The below text, entitled ” Making it quick and easy to report replications”, appears in The Psychologist in their May opinion special on replication and was written by Alex O. Holcombe and Hal Pashler.
What proportion of the statistically significant empirical findings reported in psychological journals are not real? That is, for how many is there actually no phenomenon in the world resembling the one reported?
The intention of our basic statistical practices is to place a small cap on the proportion of errors we are willing to tolerate in our literature, namely the alpha level we use in our statistics – typically 5 per cent. The alpha level is the maximum probability for a published study that an effect at least as large as the one measured could have occurred if there were actually no effect present. This ought to place an upper bound on the proportion of spurious results appearing in our literature. But it doesn’t work.
One of the biggest reasons is publication bias: the fact that scientists are much more likely to publish significant findings than they are to report null effects. There are a host of reasons for this practice, some of them reflecting confusions about statistics, some reflecting editorial tastes that may
have some merit. We also know that researchers who find non-significant results tend not to publish them, probably because they are both difficult to publish and there is little reward for doing so.
To see how this publication bias can lead to a literature infested with error, imagine that 1000 investigators each conduct a study looking for a difference, and a difference actually exists in, say, 10 per cent of these studies, or 100 cases. If the investigations have a power of .5, then 50 of these differences will be discovered.
Of the 900 studies performed looking for effects that do not exist, 5 per cent or 45 will succeed. The result, then, will be that 45 out of 95 significant results (47 per cent) will be type 1 errors. As Joe Simmons and colleagues (2011) recently pointed out in Psychological Science, hidden flexibility in data analysis and presentation is likely to inflate the rate of type 1 errors still further.
The harm done by publication bias has been recognised since at least 1959, when Theodore Sterling canvassed 294 psychology papers and found that 286 of them reported a positive result. Thirty-seven years later, Sterling re-evaluated the literature and concluded that little had changed. Indeed, the problem appears to be getting worse, and not just in psychology. The title of a recent paper in Scientometrics by Fanelli (2012) declares ‘Negative results are disappearing from most disciplines and countries’ based on an analysis of various scientific fields.
The problem is so bad that after a series of calculations involving some additional considerations, John Ioannidis concluded in a 2005 paper that ‘most published research findings are false’. Although the estimate of error depends on several unknowns regarding the proportion of effects being looked for which actually exist, statistical power, and so forth, Ioannidis’ conclusion is, unfortunately and disturbingly, quite reasonable.

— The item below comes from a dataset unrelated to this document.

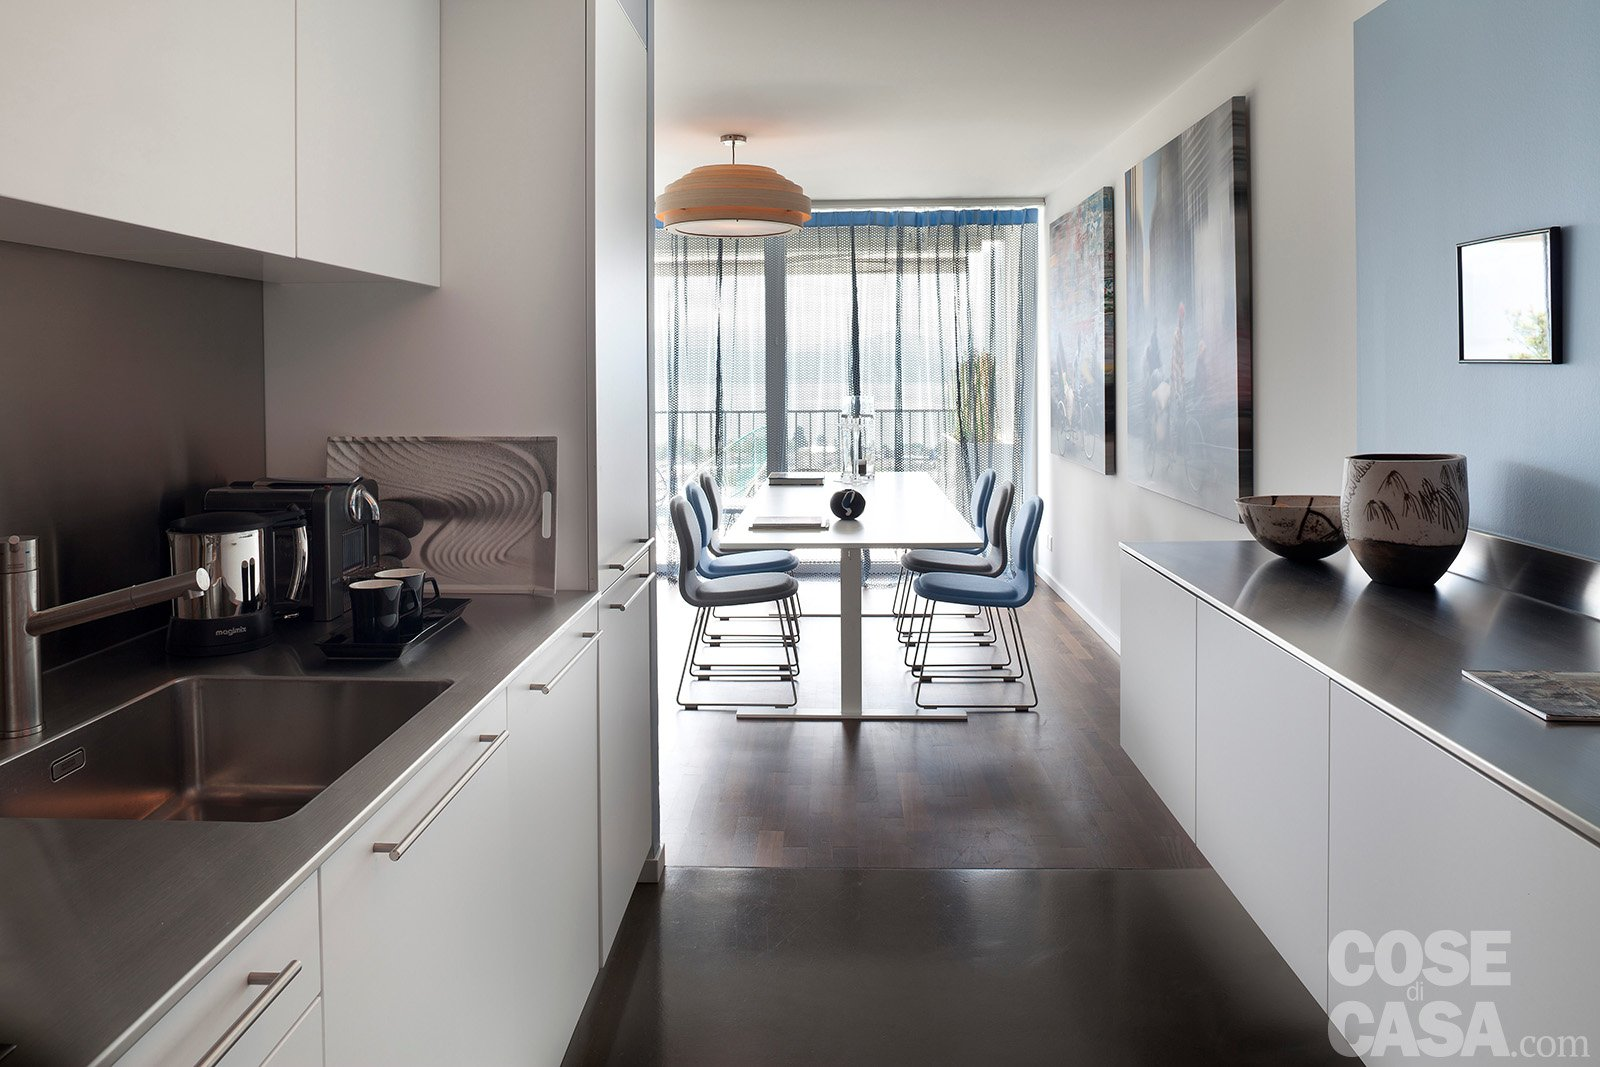 Maxi bilocale con terrazzo perfetto per due cose di casa for Immagini di appartamenti ristrutturati

Given that the incentives for publishing null results are modest, we must make it easy and quick for scientists to report them. The traditional system of journal article cover-letter writing, submission, rejection, repeat until sent out for review, wait for reviews, revise, and write rejoinders to reviewers is far too consuming of researchers’ time.
To provide a quick way to report replication studies, we have created, together with Bobbie Spellman and Sean Kang, a new website called PsychFileDrawer.org. The site is designed specifically for replications of previously published studies, as this allows the reporting process to be quick. In the case of exact replications, for instance, researchers can simply indicate that their methodology was identical to the published study. When their method differs somewhat, they can report only the differences. Researchers are invited to report the results in as much detail as they can, but we believe even those who simply report the main effect and associated statistics are making a valuable contribution to the researcher community.
In addition to allowing researchers to report their method and results, a forum is provided for users to discuss each report. The website further allows users to vote on ‘What are important studies that your field of Psychology gives credence to, but which – as far as you know – have not been replicated in any published follow-up work?’ Each registered user is allowed up to three votes. As of this writing, the study with the most votes is entitled ‘Improving fluid intelligence with training on working memory’, which was published in PNAS in 2008. As the list solidifies, we hope it will encourage investigators to conduct replications of these studies and report the results on the site.
The most novel feature of PsychFileDrawer is an ‘article-specific networking tool’ designed for users who are timid about posting their findings or who simply wish to connect with others interested in a particular published finding about which nothing is yet posted to PsychFileDrawer. With this feature, users register their interest in learning about unpublished replication attempts relating to a particular study; whenever other users express interest in the same study, the website automatically puts these users in touch with each other via e-mail so they can discuss their experiences and hopefully post their results on the site.
The website is still in beta testing and we continue to add new features. We hope readers will visit and provide suggestions for how it might be improved.